◆ TASK BRIEF: Please transcribe the listing that follows exactly; images are to be excluded.

*** Opening SUPPLIED DATA ***

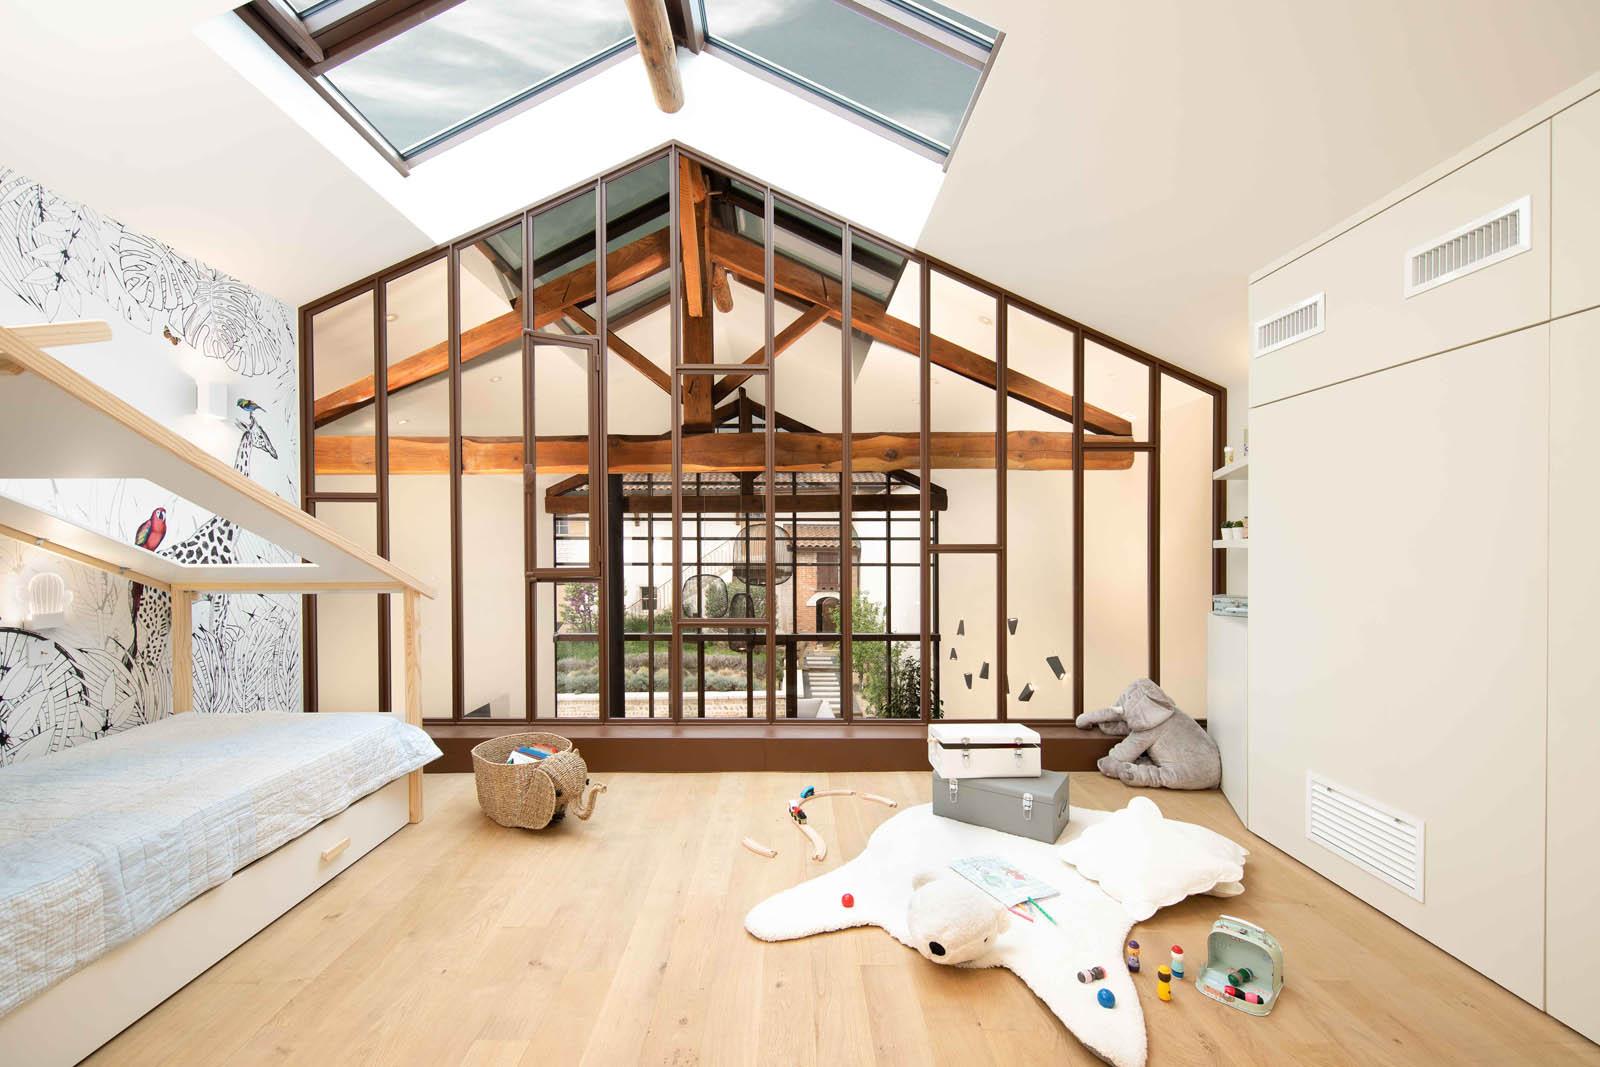 07_renovation-interieur_Invivhome-Idésia ©StudioRobinIssartel
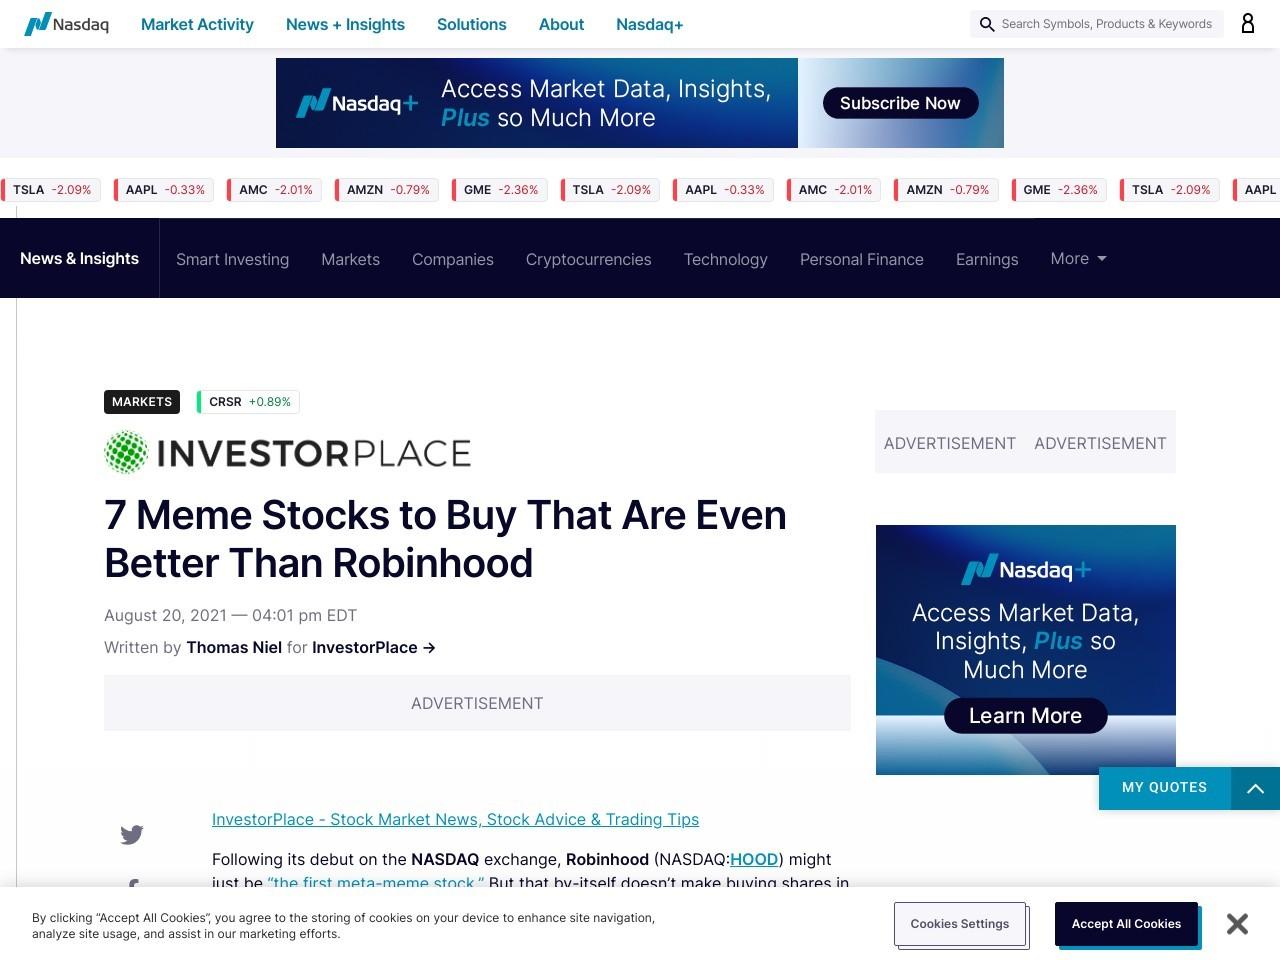 7 Meme Stocks to Buy That Are Even Better Than Robinhood – Nasdaq
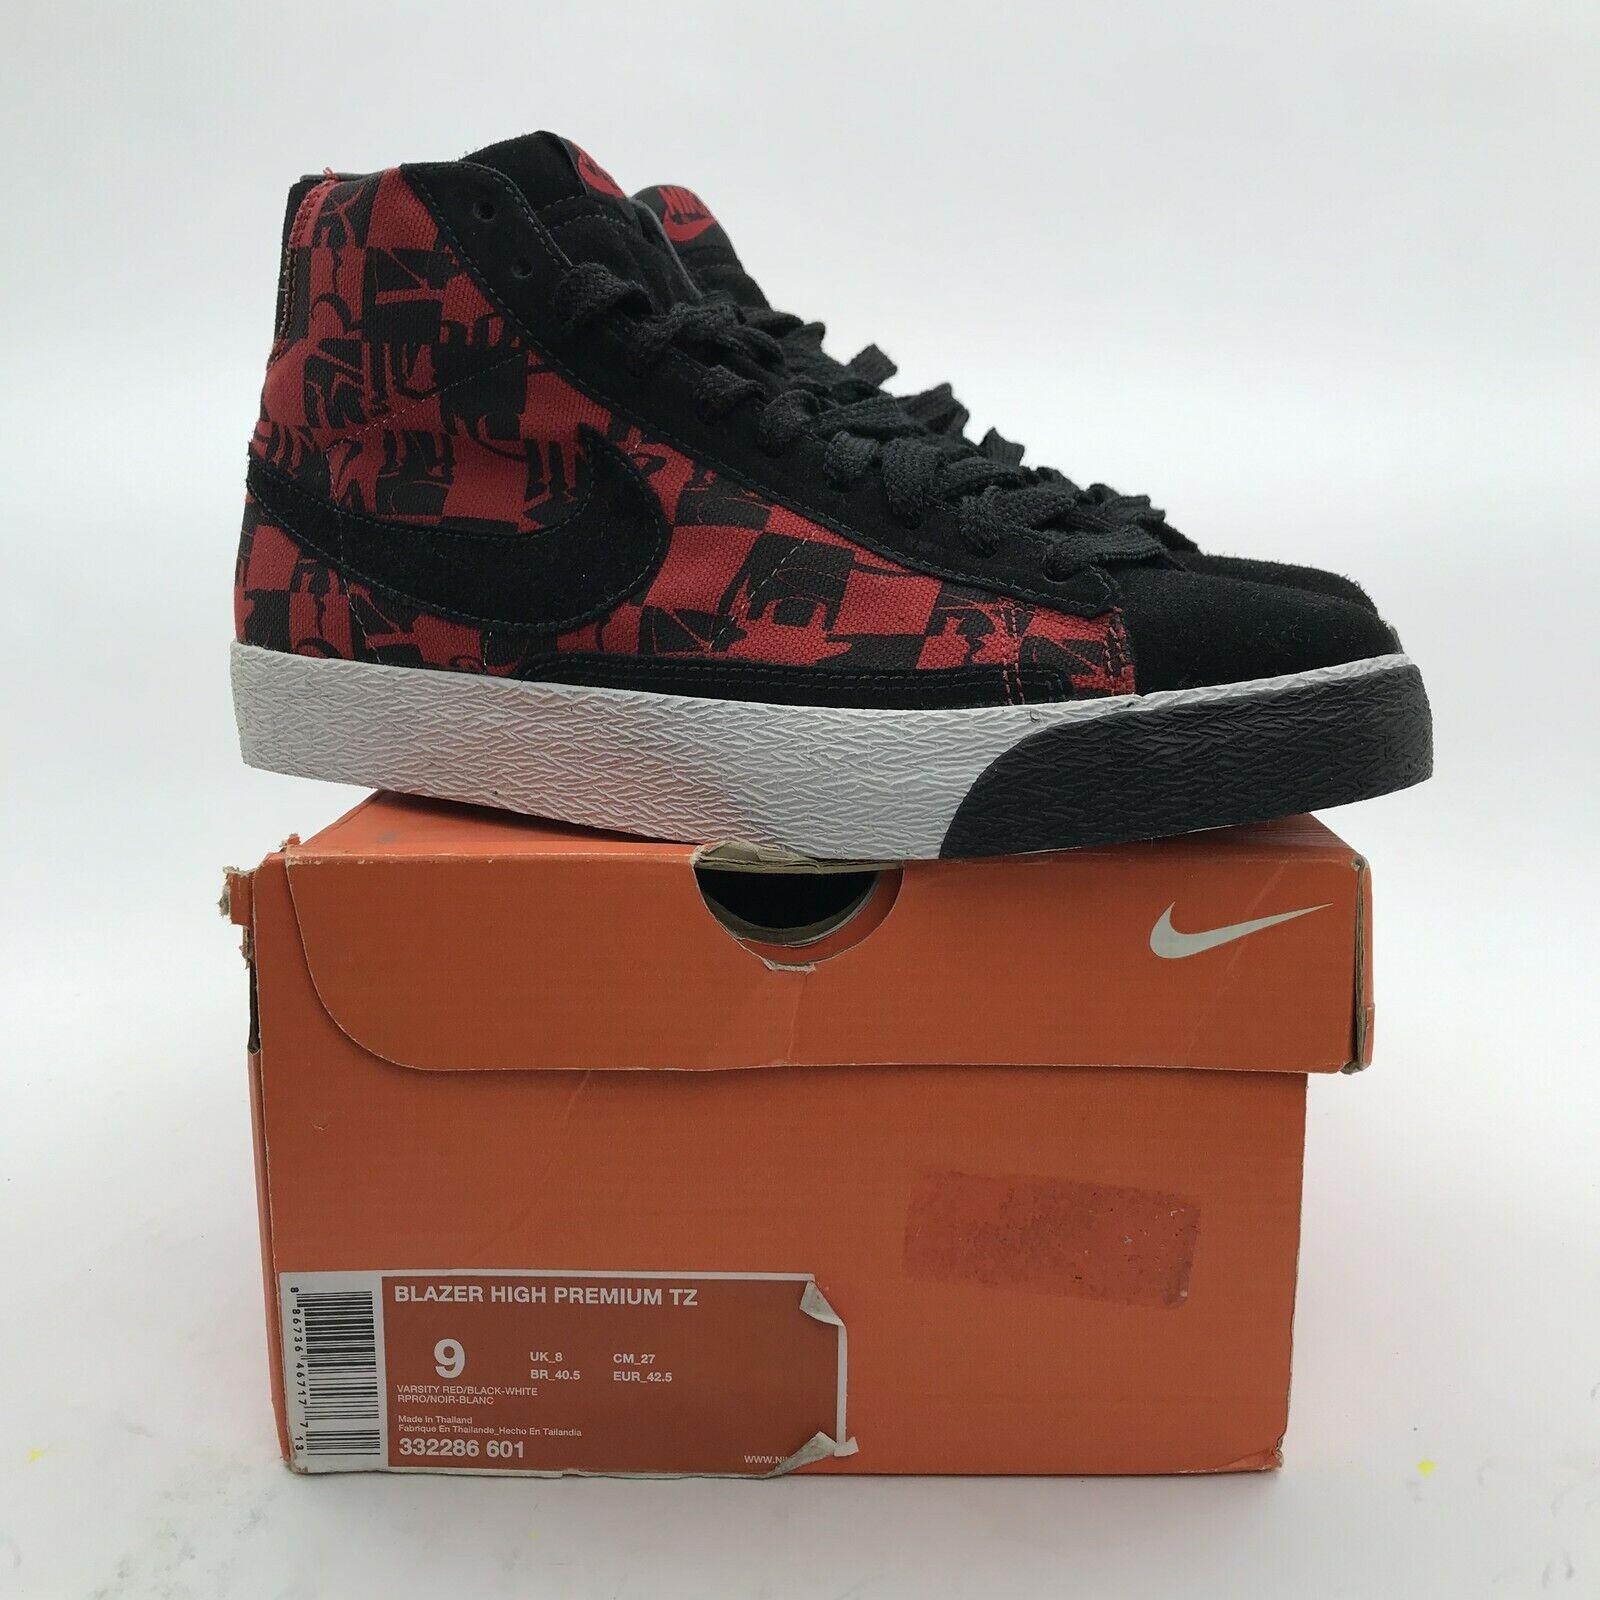 Nike Blazer High Premium TZ Stussy x Neighborhood Red LIMITED 332286-601 US 9
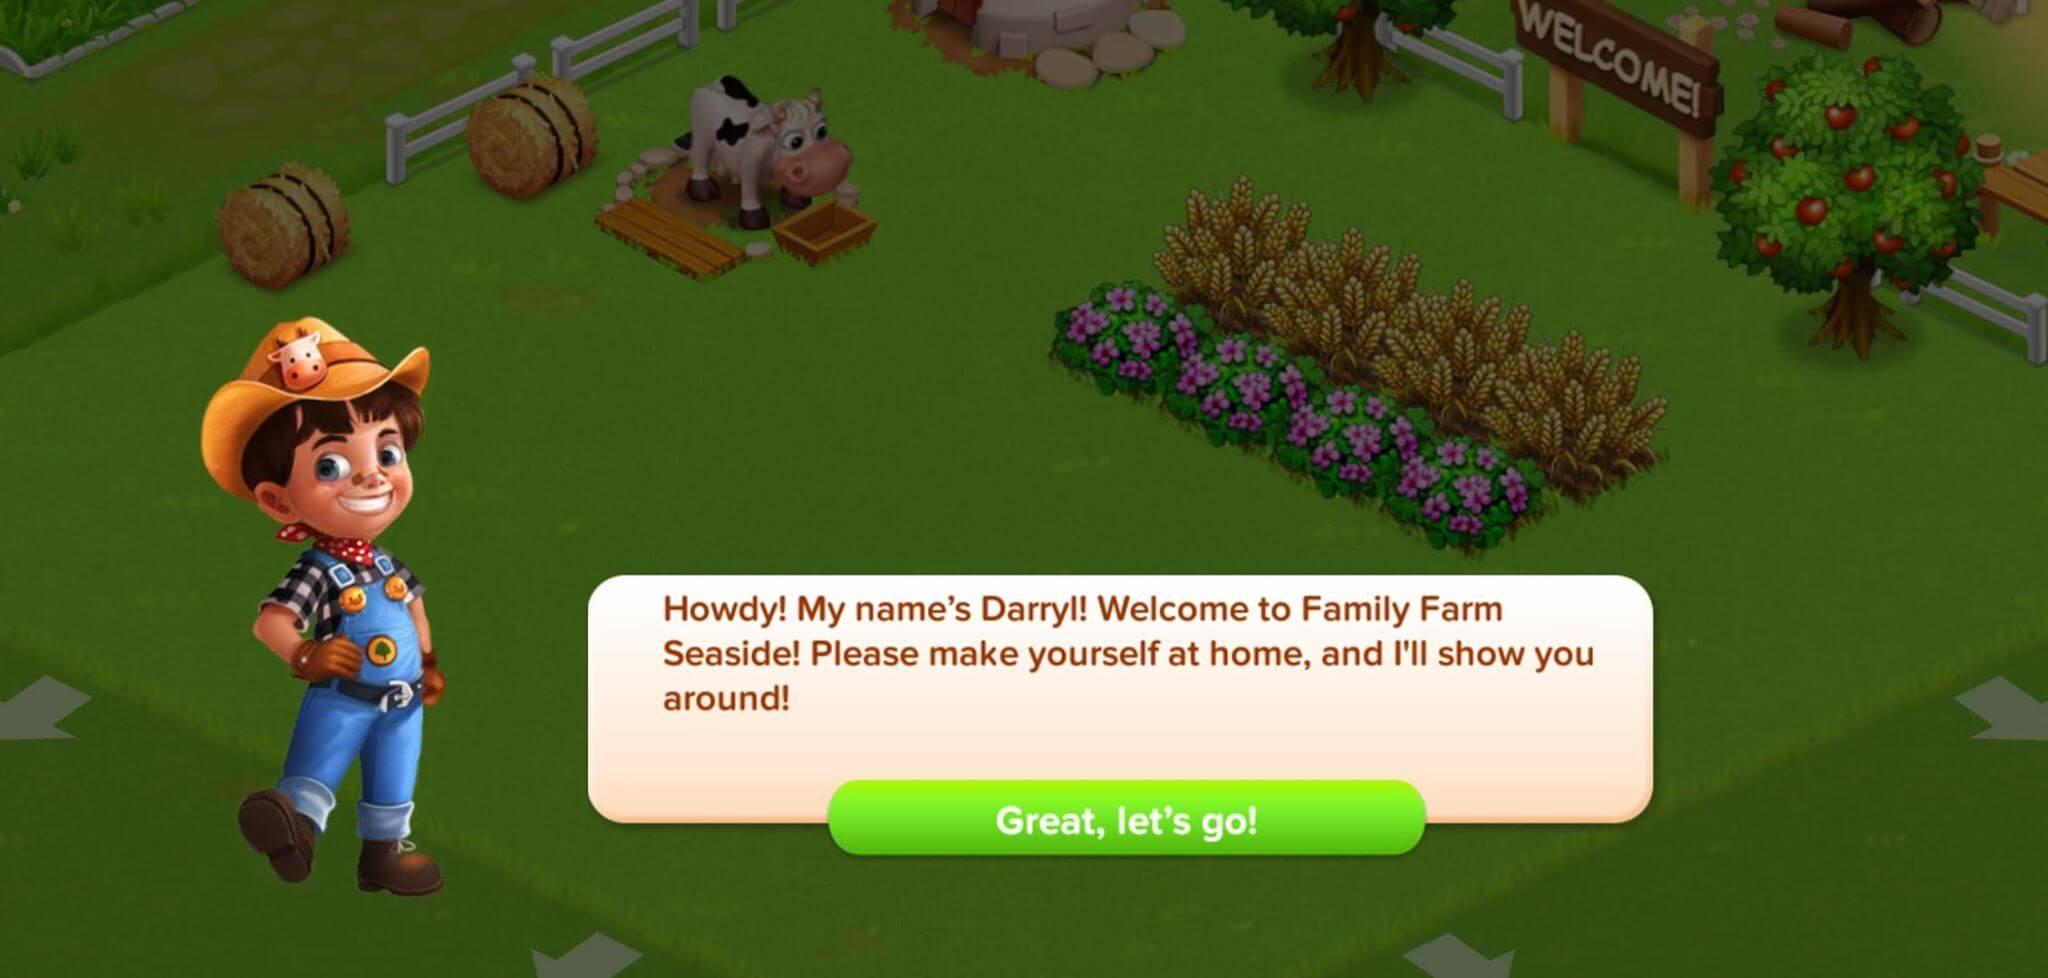 seaside family farm darryl

*** Closing SUPPLIED DATA ***

◆ RESULT OF THIS EXERCISE:
 07_renovation-interieur_Invivhome-Idésia ©StudioRobinIssartel
 7 Meme Stocks to Buy That Are Even Better Than Robinhood – Nasdaq
 Nike Blazer High Premium TZ Stussy x Neighborhood Red LIMITED 332286-601 US 9
 seaside family farm darryl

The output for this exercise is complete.